There are also many occasions when the wind and rain are so bad that shore is completely obscured making gps and radar the only options.
While I was away, Noelex77 made a telling point (well, several, to be fair) in this typically succinct yet meaty post. (Thanks, mate!)

What I used to do, pre GPS, on arrival at an anchorage was firstly to note a suitable transit (at least one) when lying to the anchor from the current breeze. This was fairly standard practice around here, not just a personal habit.

However, if I had any concerns about holding AND the weather was showing signs of a change, I would then use the motor to lie to the anchor, head to the EXPECTED wind direction, and note one or more new transits.

At the time, that didn't seem like a grave imposition on my time (when cruising, I've found the supply of time is usually quite elastic), so it wouldn't cause me great grief if I had to revert to it, EXCEPT for N77's following point about transits being buggerall use when visibility shuts down.
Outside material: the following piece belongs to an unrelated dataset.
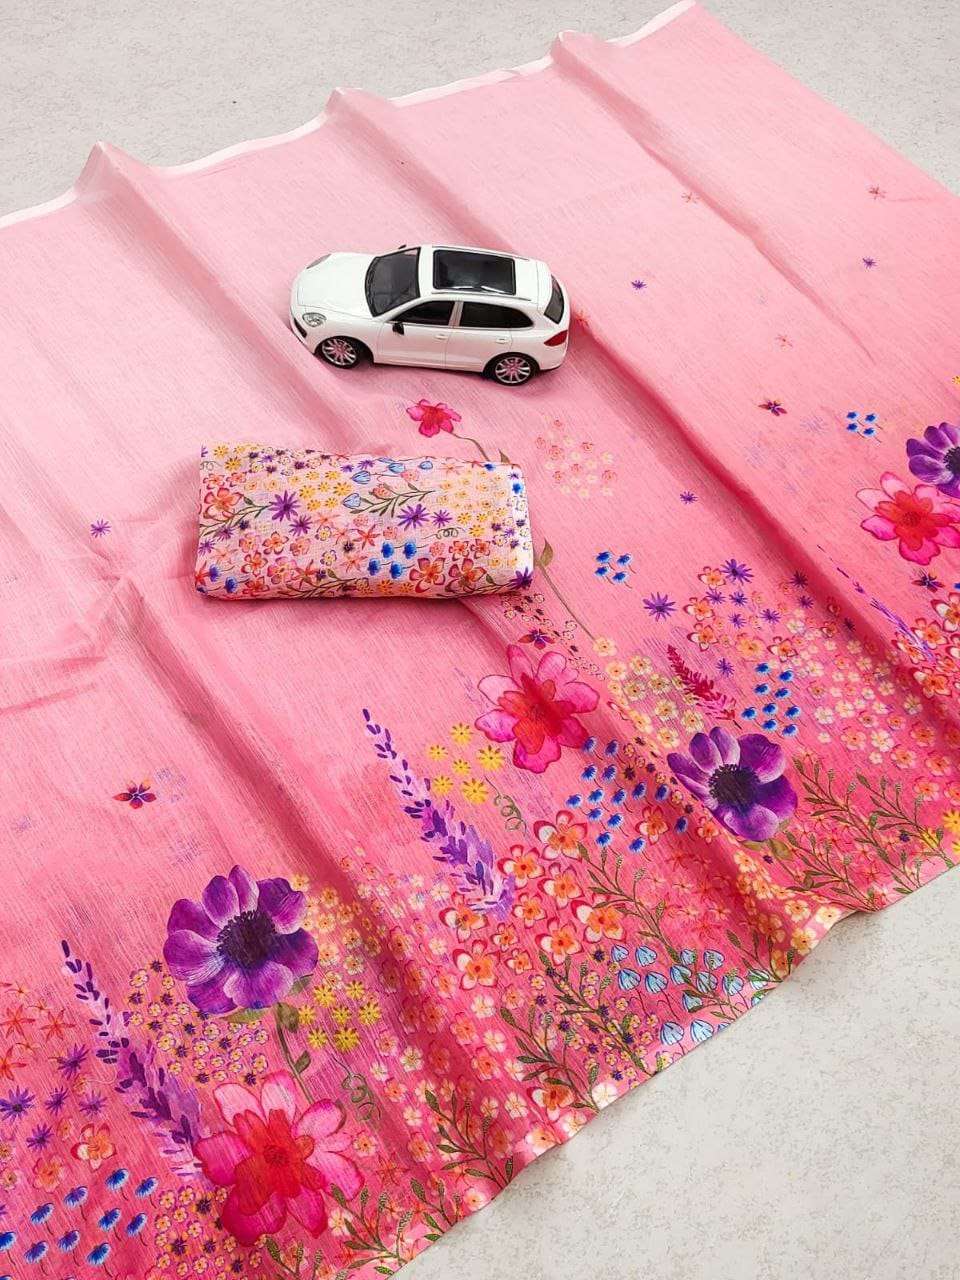 SUMMER SPECIAL LINEN WITH FLOWER PRINTED SAREE BEST WHOLESAL...
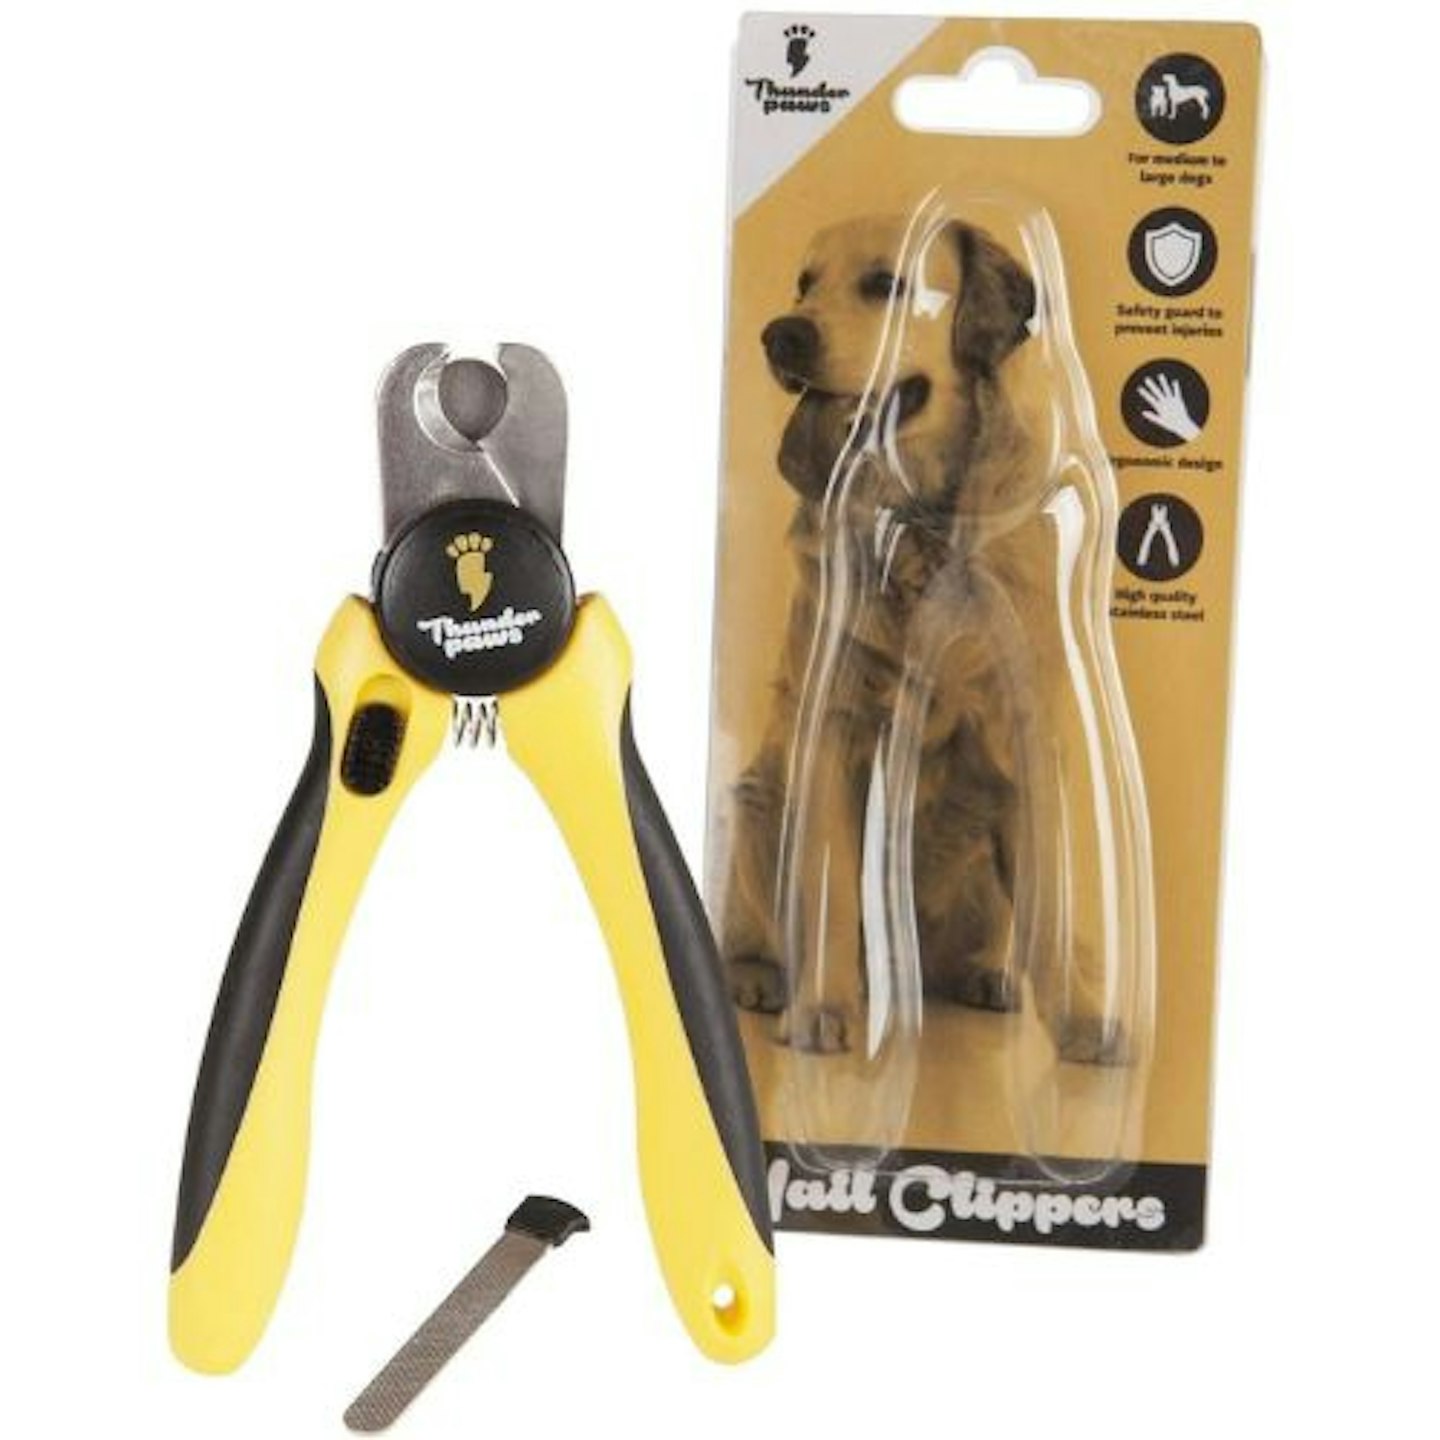 Thunderpaws Professional-Grade Dog Nail Clippers

It is also not always possible to infer, in an unfamiliar anchorage, what the relationship will be between a particular future wind direction aloft, and the wind on the hook

This difficulty is compounded by my perception that weather patterns seem increasingly disrupted since about the end of millennium, so that I feel less confident in my predictions than I once did, in spite of more detailed forecasts. Ten or more years ago, their reliability (I reckon) peaked round these parts.

Surrounded as we are by ocean which is almost devoid of shipping for thousands of miles in almost every direction, I wonder if it is coincidental that their reliability seems to have declined since the QuikSCAT satellite service came to an end. It was a fantastic asset to isolated island nations, and I am undyingly grateful to the US taxpayers for those glorious years.

I still consider that the earliest warning of a drag, assuming the anchor was ever set properly in the first place, is the behaviour of the boat.

The way it turns its head away from the wind, surreptitiously but implacably, reminds me of a horse in the early phases of deciding it will refuse a jump, or --although here the similarity is less striking-- the subtle but mounting, unmistakable restlessness of the main boom (a bit like a small child needing to pee) when it is wondering about flicking across in a gybe.

It's unlike 'sailing at anchor', although it can be mistaken for it early in the swing. The difference is that, unless the gust dies, the (ship's) head does not start angling back towards the wind. Also, the boat does not acquire any headway, and this makes the 'feel' perceptibly different.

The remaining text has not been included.